# Calf Muscle Exercises?



## rexing93 (Dec 6, 2012)

So I've noticed that since I've started lessons that my tiny-tiny self has been getting a bit more "built". Last night my father actually took me out to eat (he lives about 4 hours away from me so I don't get to see him often-especially with me working 5 days a week and going to classes the other two) and while out he noticed that I've gotten a bit more "muscley" than when I first began riding. I'd hope there has been at least a small amount of change. x] 

Anywhoo. Now I'd like to actually try to improve my tiny calf muscles as I'm sure it'll benefit me. The only exercise I've been currently doing is standing on stairs and "dropping" into my heels to stretch out. 
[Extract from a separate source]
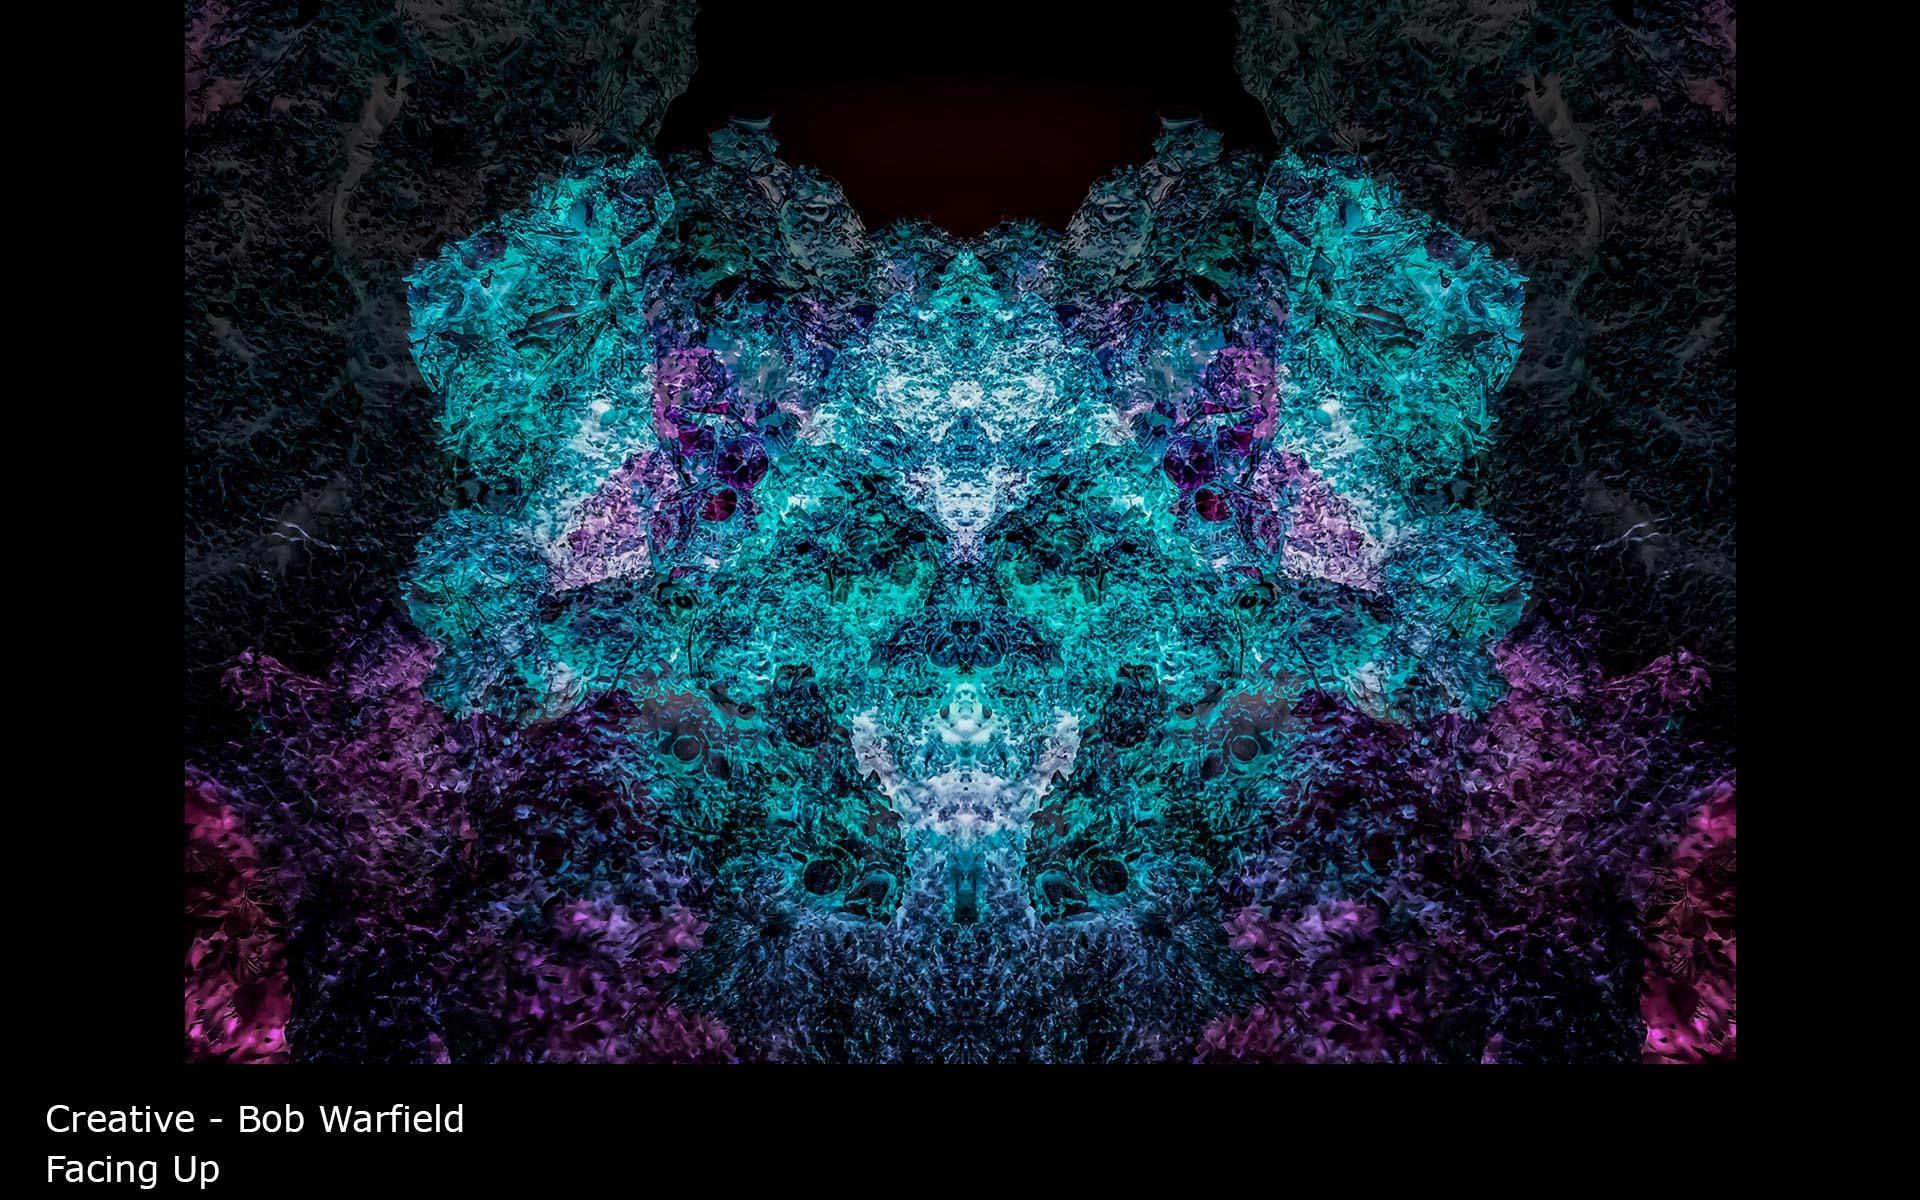 Facing Up - Bob Warfield

I was wondering what are other exercises that I could do (in-home) to work on my calf muscles?

Thank you in advance for comments!


----------



## Little Mare (Aug 21, 2013)

Some of my favorite calf exercises include calf raises (these are easy to throw in everywhere! Standing on line to check out at the grocery store? Calf raises! Bored at your desk? Calf raises!). Try them with resistance bands. If you have a balance board, hop on that (you can purchase them on Amazon and I'm sure many exercise places sell them too). You can also do stretches with or without a band while sitting with your legs out (search 'peroneals stretch').


----------